The Loudoun County team demonstrated how clicker training can create a calmer, quieter atmosphere among the dogs. They also showed Guilford staff how to use old shipping boxes to create hiding spaces in cat cages. Stively says these simple stress relievers drastically reduced the rate of upper respiratory infections at their own shelter.

A man carries two puppies
David Stroud with the Cashiers-Highlands Humane Society in North Carolina removes pups from a breeding mill several hours from his shelter. Photo by Chris Keane/AP Images for the HSUS

The trip was inspiring, Stively says, and the Loudoun County team plans to stay connected with Guilford. “This is shelters helping shelters,” she says, and that’s something both animals and people could use a lot more of.

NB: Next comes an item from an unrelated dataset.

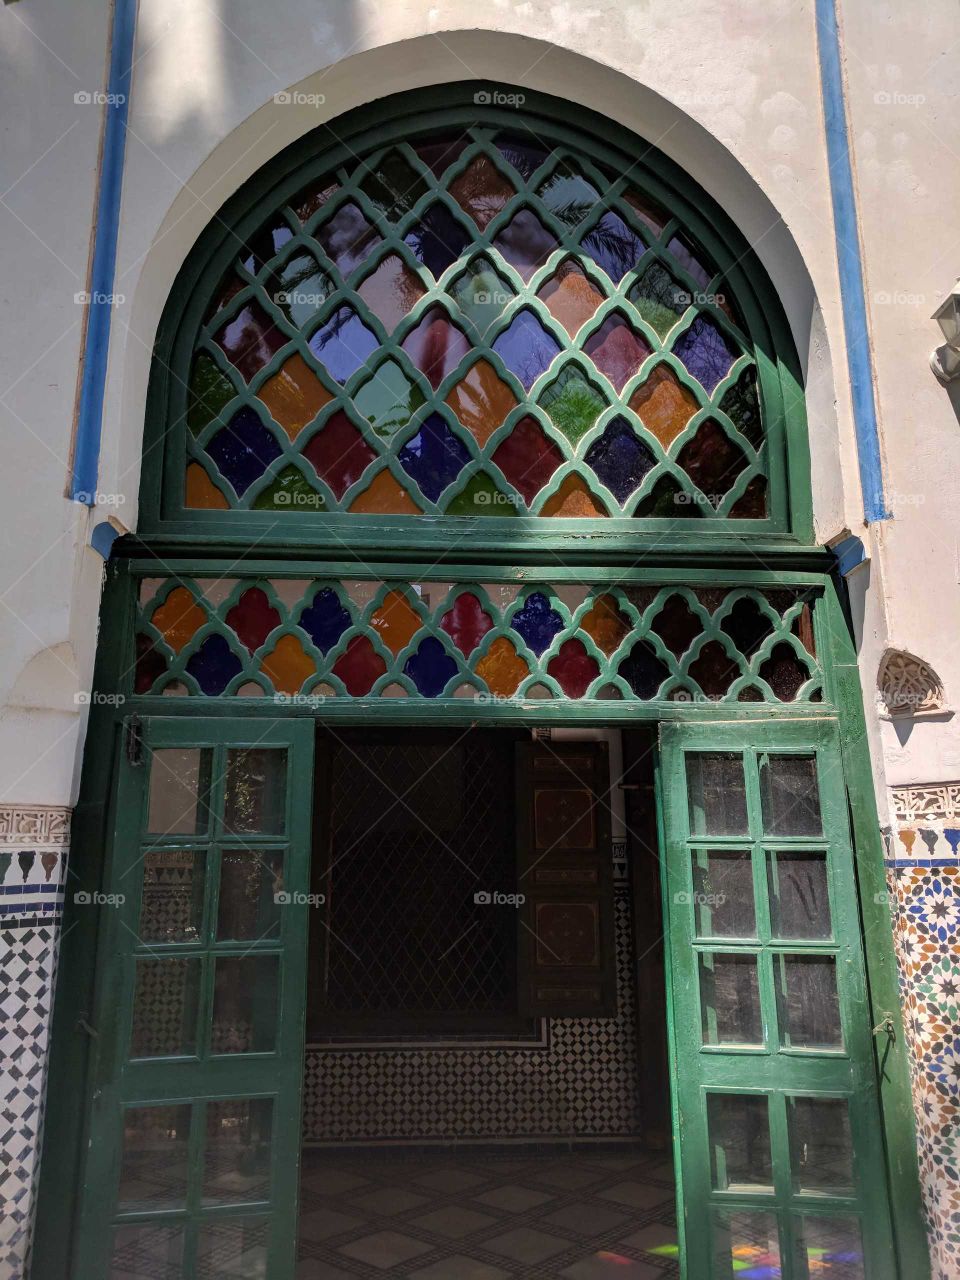 Ornate Green Door with Colorful Diamond Pattern Stained Glass and Ceramic Tile Mosaic Walls in the Bahia Palace in Marrakech in Morocco

“The expertise throughout this program is unbelievable,” says Alboum, who adds that letting shelters step forward and take bigger roles is part of the future of sheltering. “Partners have the best contacts locally, and there’s nothing more powerful than the voice of a shelter to mobilize resources in their own community.”

As part of this forward movement, the Shelter and Rescue Partners program’s new Shelter Ally Project will match shelters in need with those that have resources and knowledge to share.

For Alboum, it’s just the tip of a very exciting iceberg that could include finding homes for all adoptable animals. “I don’t know what this program, or even sheltering, is going to look like in five years,” she says, “but we’re going to keep moving forward.”